Exercise description: A copy of the listing below is needed, exact in every line and without images.

Given material:
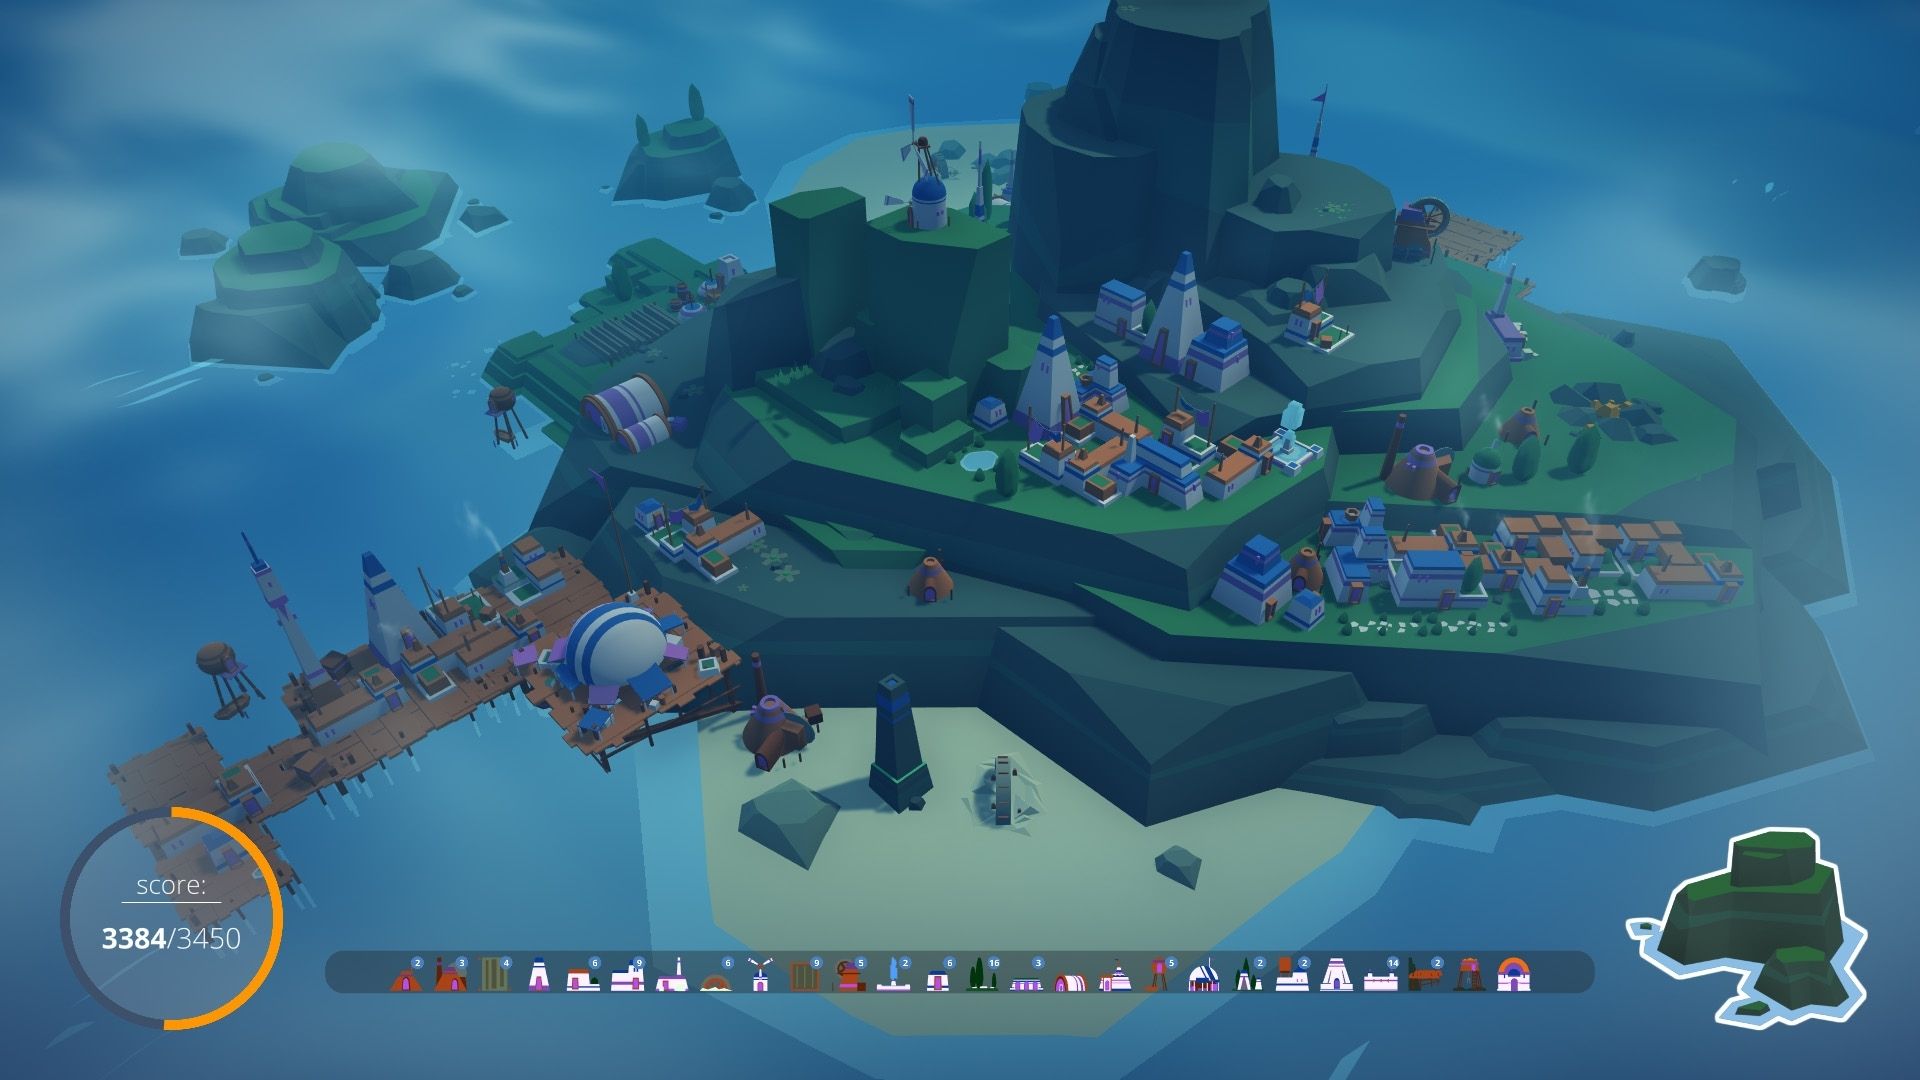 צילום מסך של תושבי האי, מציג אי גדול עם כמה בתים ונמל
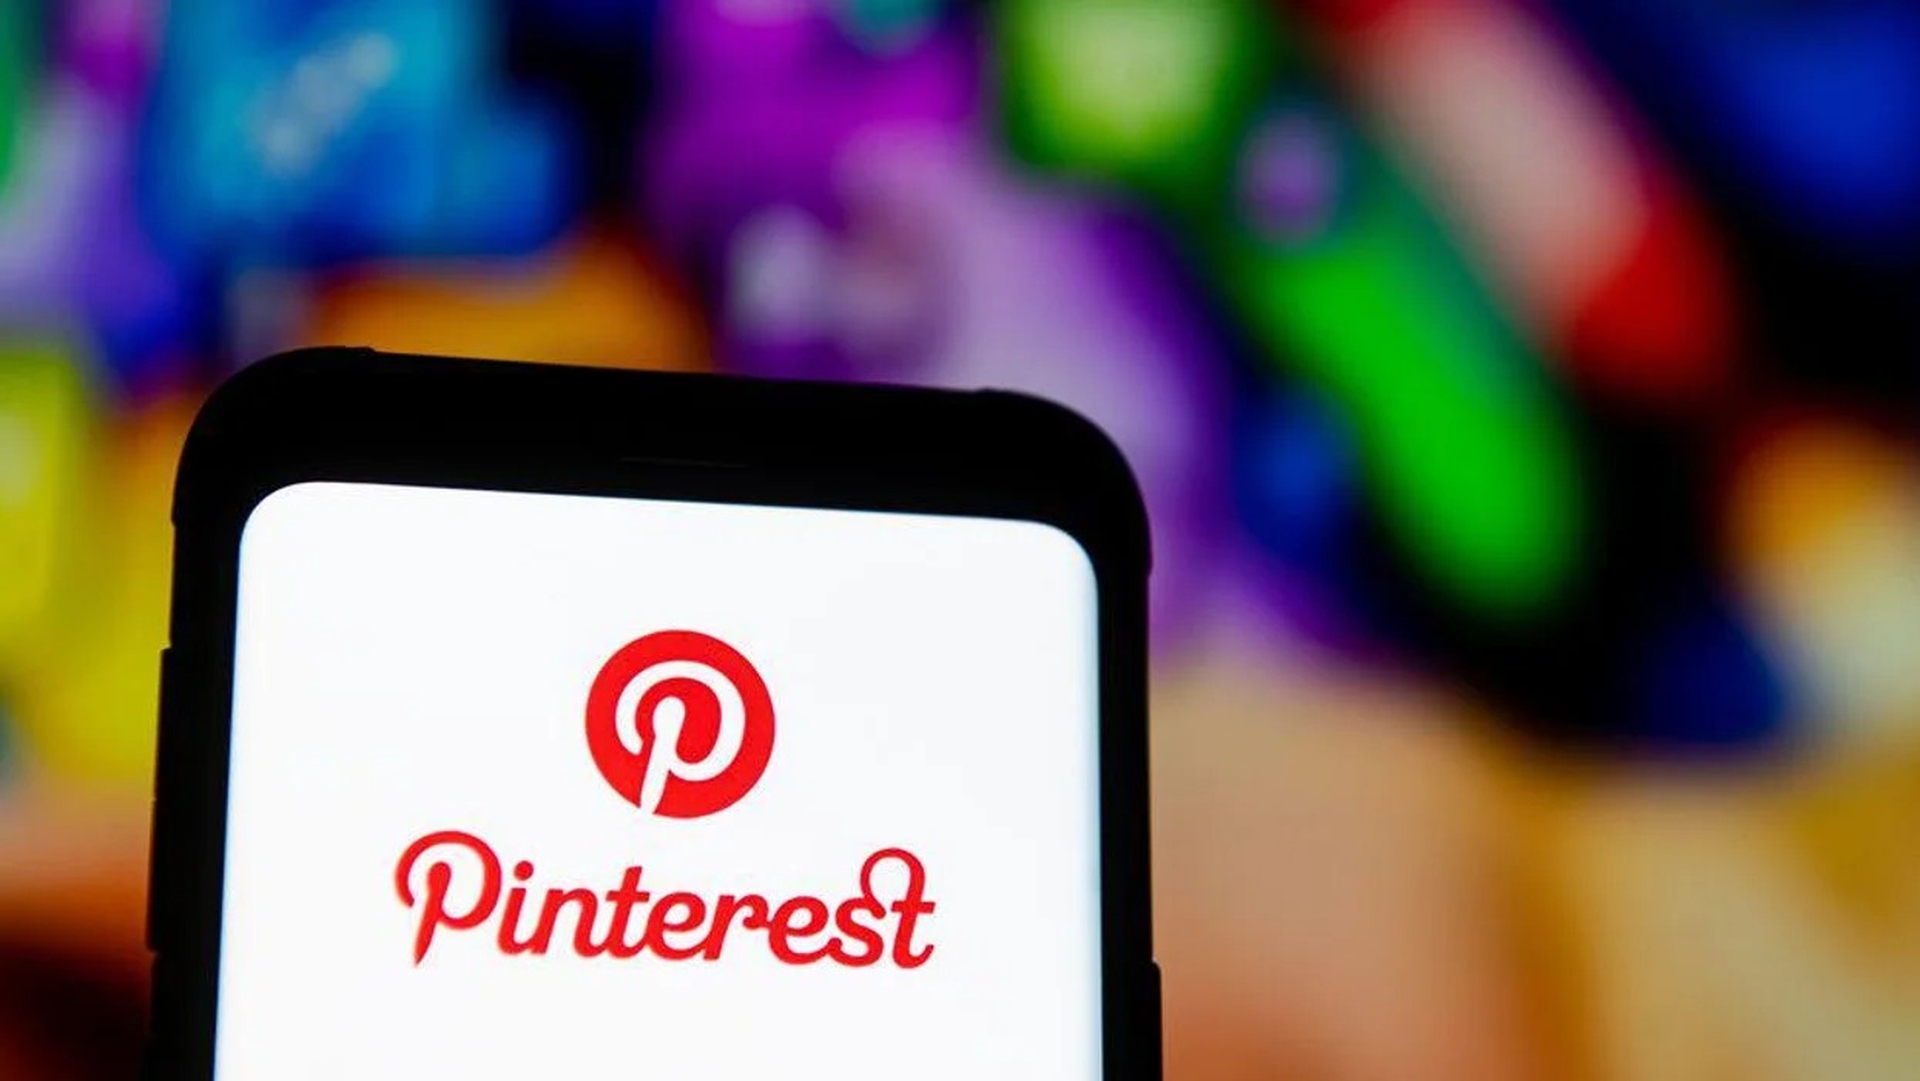 Dans cet article, nous allons expliquer comment se classer sur Pinterest en 2022, afin que vos épingles puissent devenir plus attrayantes et que vous puissiez accroître votre présence sur la plateforme.
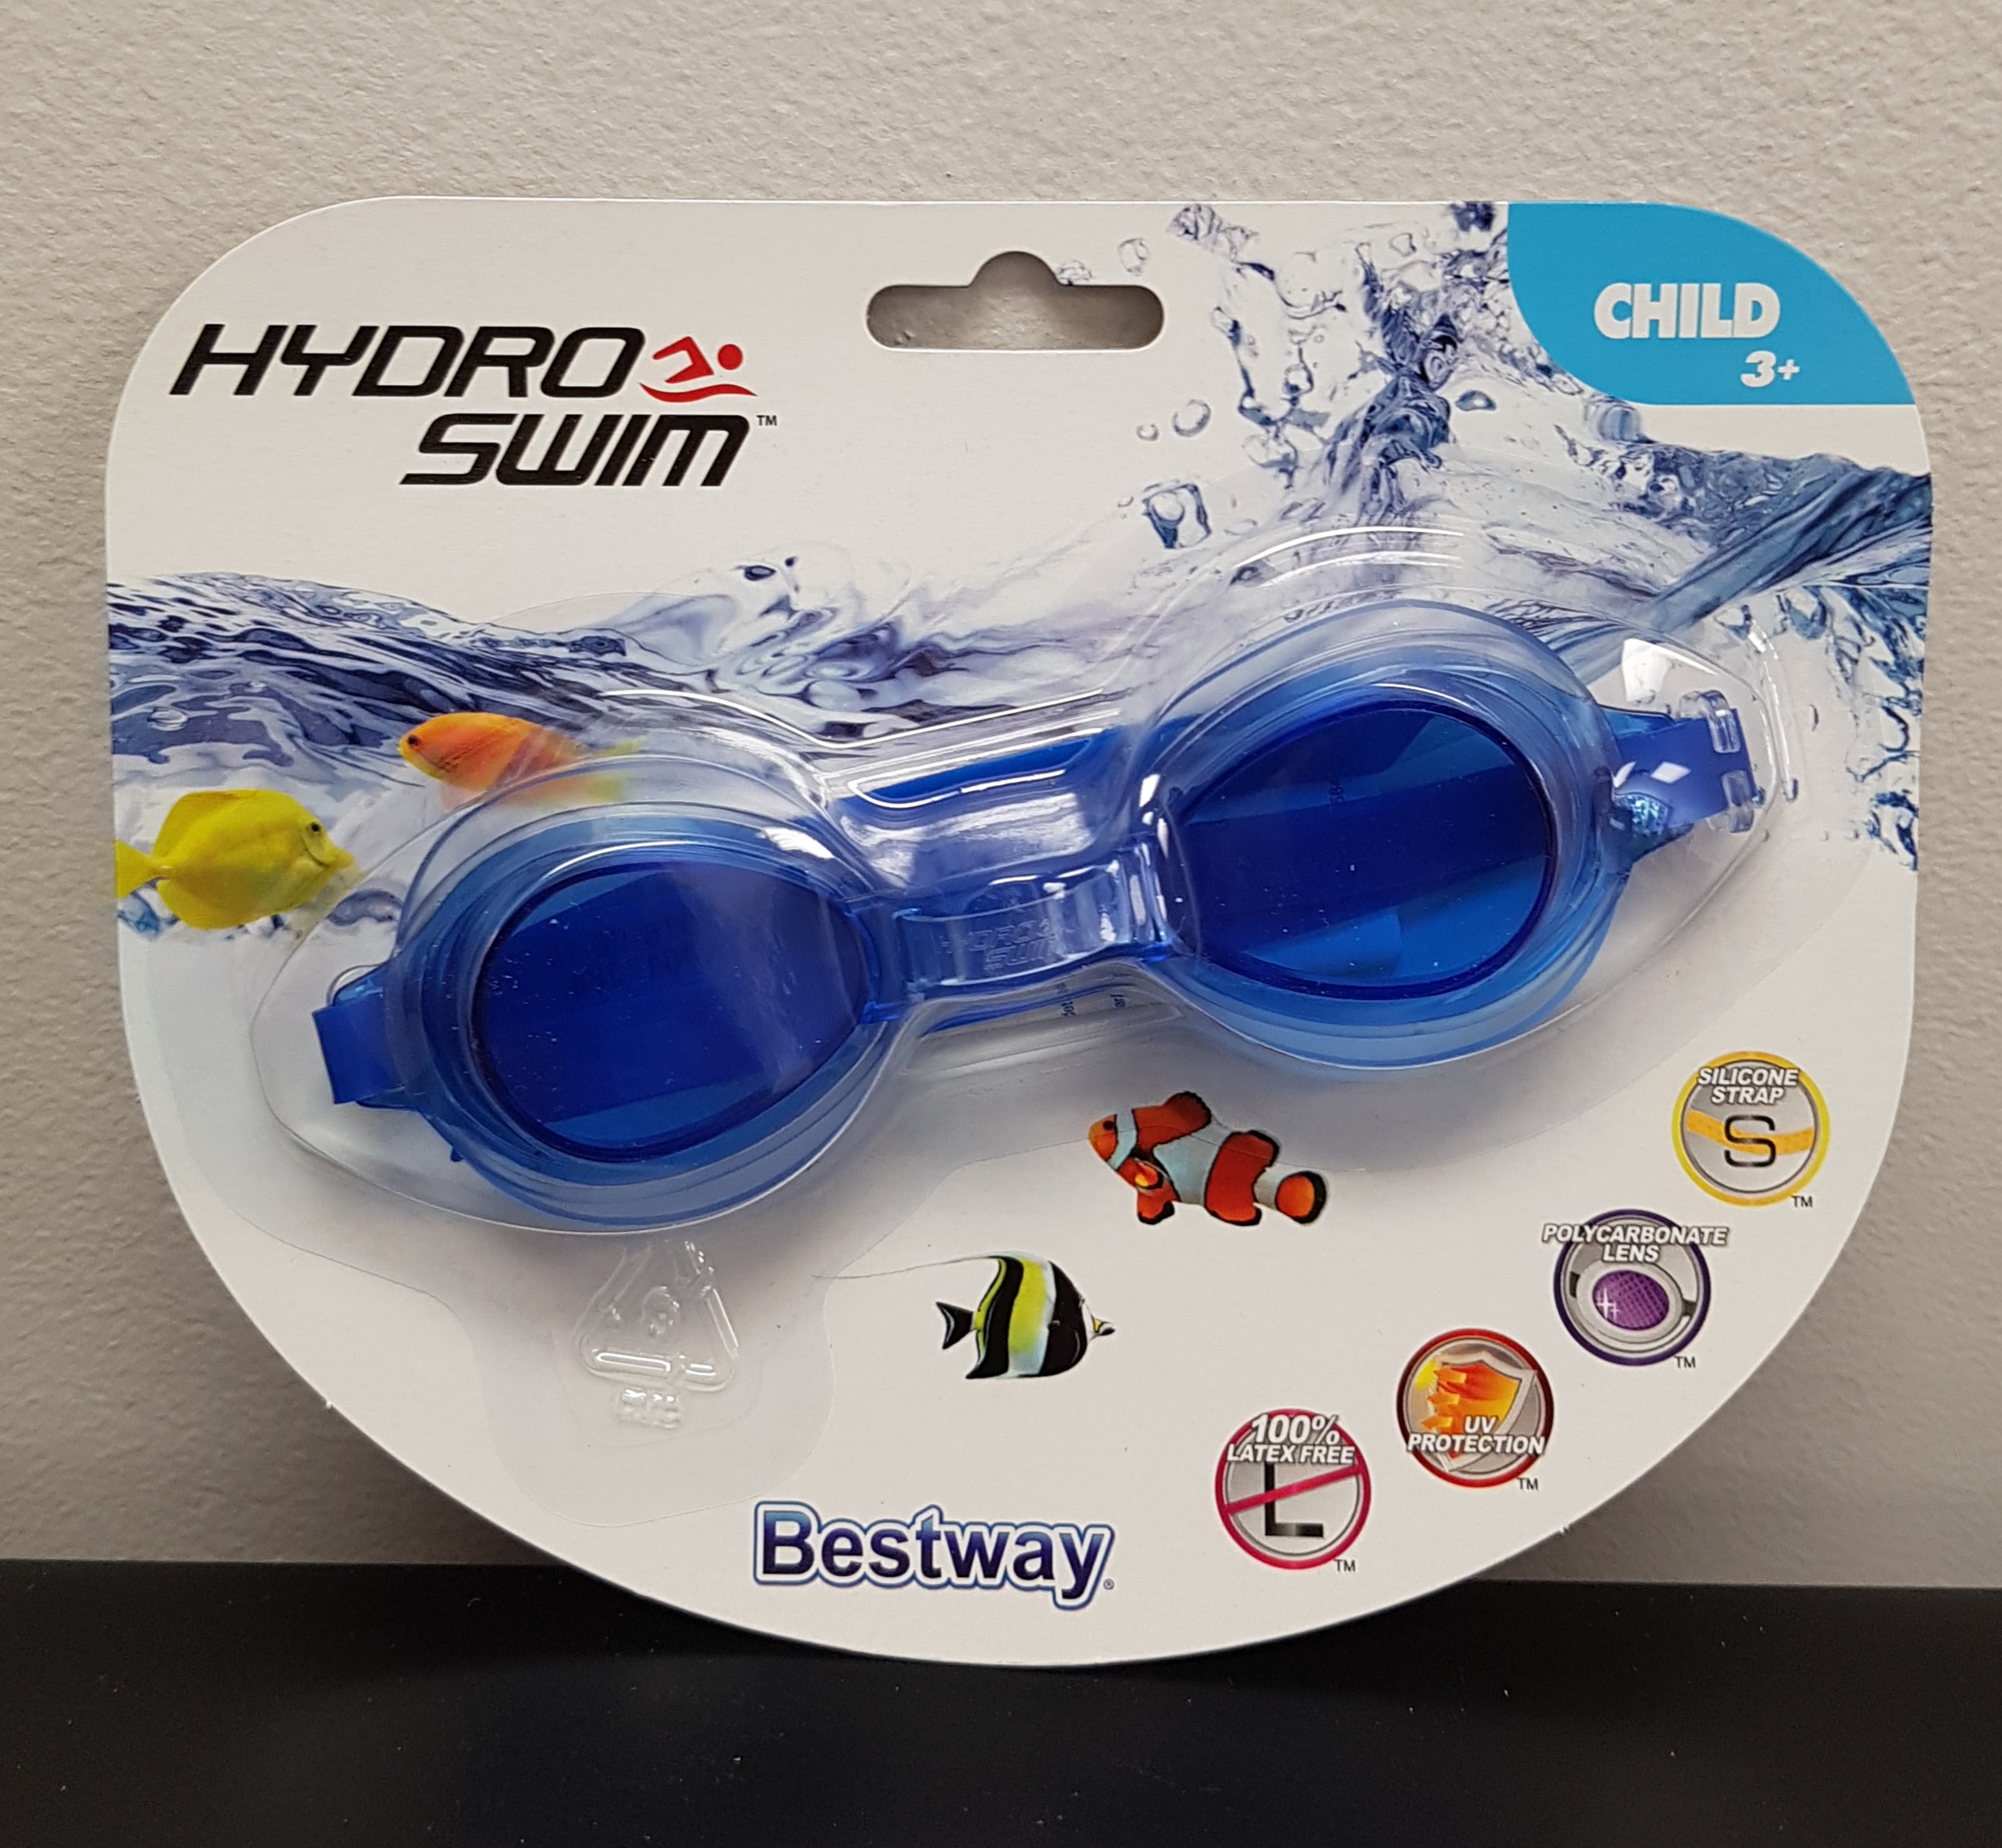 Hydro Swim Goggles - Child 3+ | Aldergrove General Store

Task response:
 צילום מסך של תושבי האי, מציג אי גדול עם כמה בתים ונמל
 Dans cet article, nous allons expliquer comment se classer sur Pinterest en 2022, afin que vos épingles puissent devenir plus attrayantes et que vous puissiez accroître votre présence sur la plateforme.
 Hydro Swim Goggles - Child 3+ | Aldergrove General Store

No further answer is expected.